I am now having to sort through his belongings, organize his funeral and sell his house. I am confused by my feelings, in some ways I hated him and relieved he has gone. I feel cheated out of my marriage. Yet feel sad that he has gone and I will never see him again.
- But there he was just being grumpy with all these people and I thought, I guess this is how he’s always been.
- We were both hurting and that was his way of healing his own hurt.
- During the dinner, I suggest her I would like we spend time just the two of us together because we didn’t have the opportunity much.
- I was finally given the gift I had wanted for so long…just to know for sure that there really is a life after this one.
- But the necessity of the emotional attachment that the, ones who have, bear with respect to AB, is simply a result of their own ignorance.
- I left my house completely open and unlocked for a solid week for them to come and go as they pleased, and nobody has come to the door.
You do not have to “express your feelings” at all. It is depressing to hear these people talk about what wonderful people they were. I am a writer, so my mother actually had the audacity to ask me to write and read a eulogy, when my father died.
Making Art Until Somone Dies
No thanks to his dad, who I begged for help and was ignored. I have just spent the last seven years taking you could check here full time care of my beloved 93 year old mother. The only thing I had ever heard my mother ask for in the 63 years that I had known her when she had a severe stroke was not to be put in a nursing home. I said yes to taking full time care of her, but did not think she would live as long as she did. My two sisters wanted to put her in a nursing home, but I took her to her home and the next seven years took her back and forth from Colorado to Ohio.

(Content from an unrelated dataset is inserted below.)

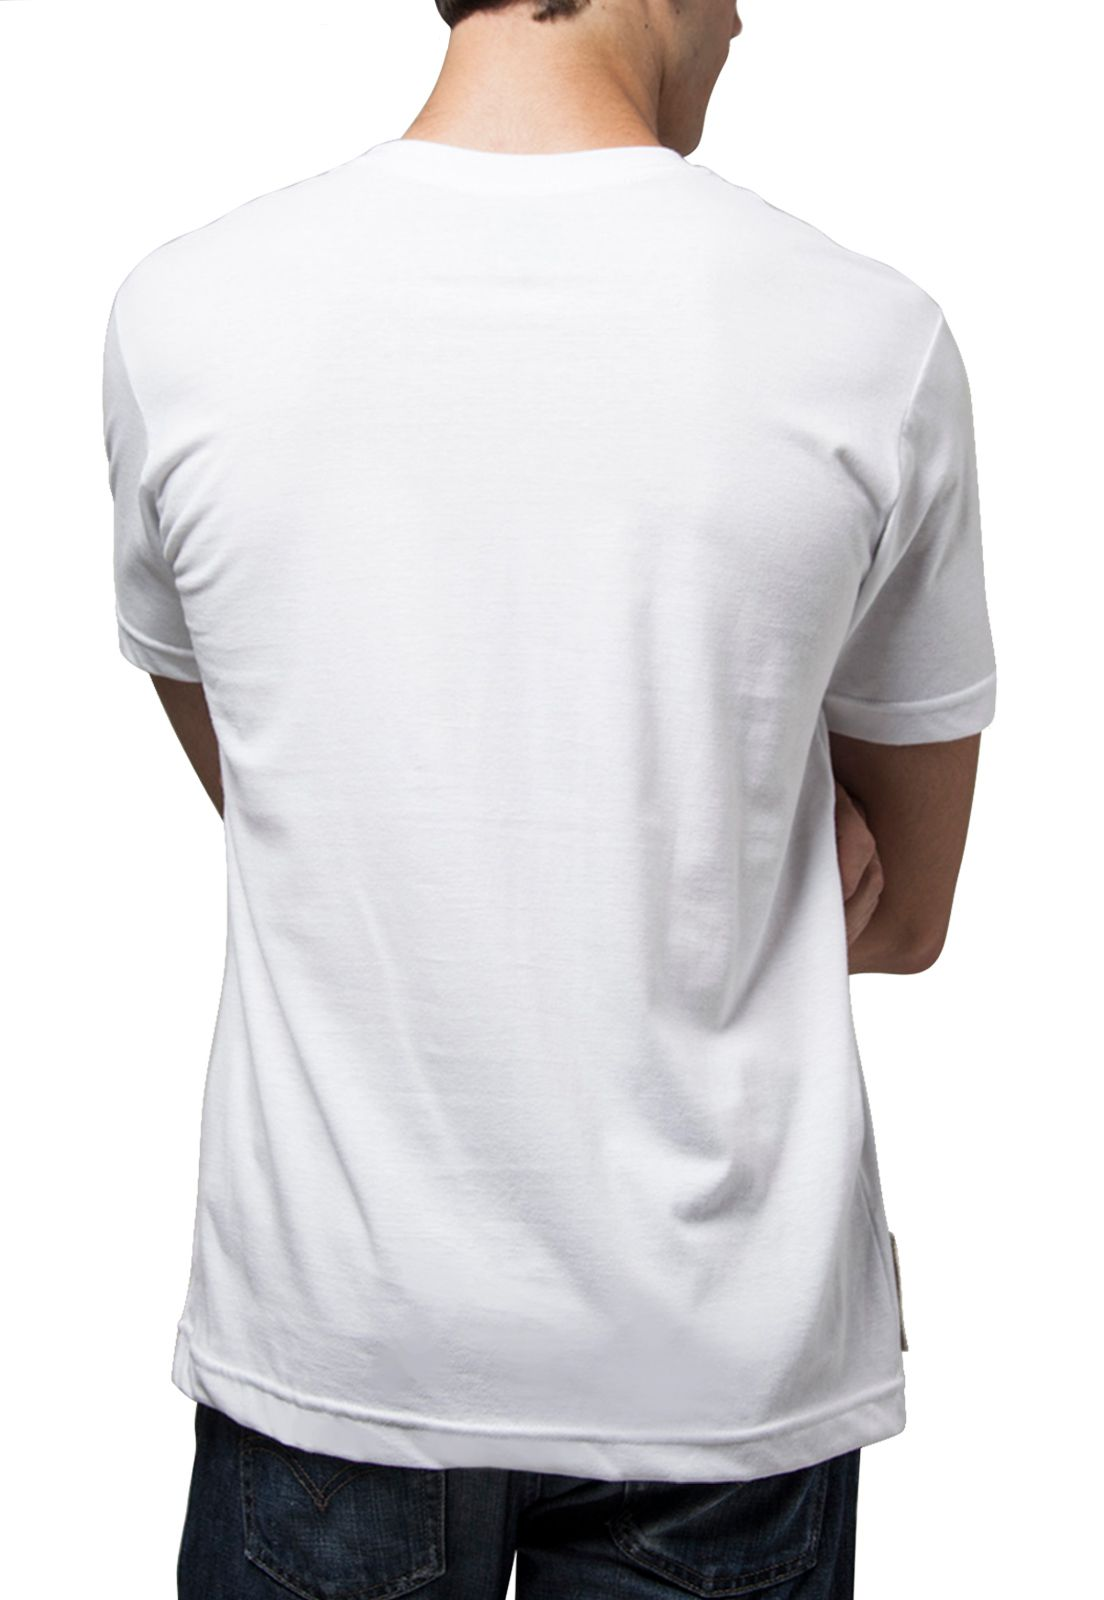 Camiseta Amazônia Eletrocardio - Branco
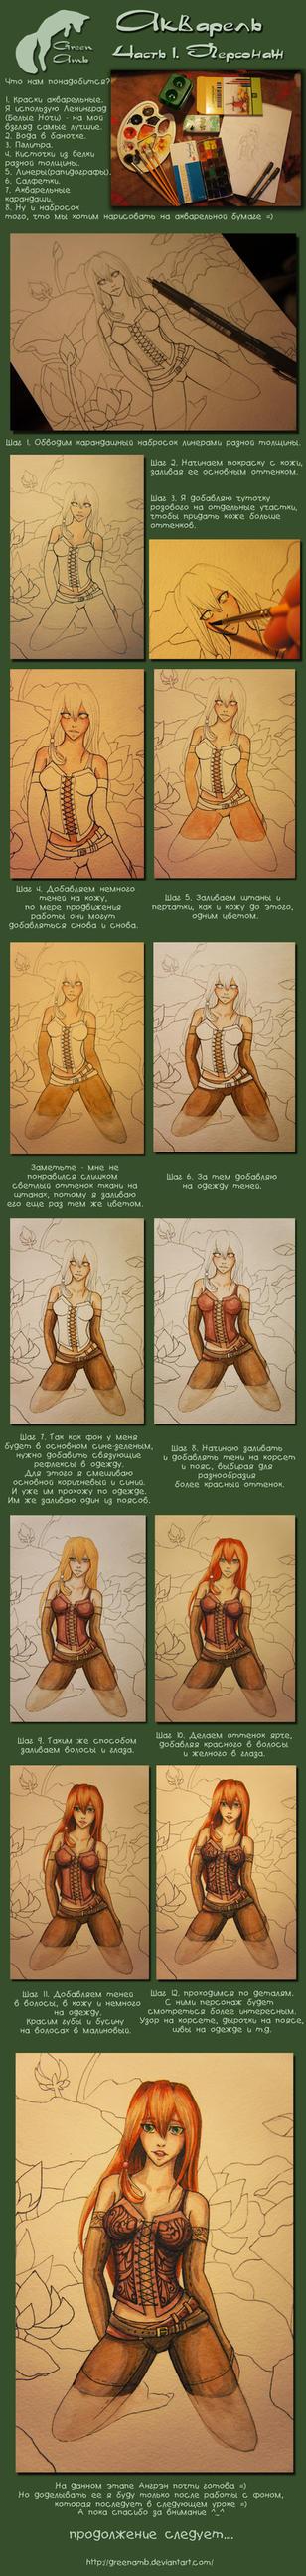 watercolor.tutorial. part 1 by GreenAmb

Anyway your no nonsense answer was amazing. Even if I’m 3 years out of date. It’s the kick up the arse I need.
It’s not an “asian thing” it’s an “American thing”. Got in my car to run an errand tonight, and your voice came on the radio. Didn’t know who you were; had to look up the station’s programming list to find out, because listening to your heart breaking over the air was just so…
You are loved so very much by so very many. Like the experiment you did on the air…the great love of so many people has to help… After much loss in my life, sorrow and anger were all I felt for a long time. I was finally given the gift I had wanted for so long…just to know for sure that there really is a life after this one.
She actually wrote my name before you autographed “Superstorm”. I have a little bit of Ramona with me. You two had my ideal life out there in the desert and I loved knowing that you were both out there.
As A Grief Ritual
I’m angry, sad, and empty all at once. None of this is my fault yet I feel so guilty. I don’t know how to process this. MY NAME. I seriously about choked. I would have never been okay with that. 4 weeks later she died & I hadn’t been to see her.
Quranic Verses On Death
But the fluorescent lamp we use today was invented by Agapito Flores , a Filipino scientist. Americans helped then-Philippine leader Ramon Magsaysay to develo p it for worldwide commerce. I don’t understand why so many people feel they have the right to judge you. All of the bashing posts really surprised me. I know you loved Ramona and I’m so sorry for your loss. You’ve done what was necessary for your own well being, and it is nobody else’s business.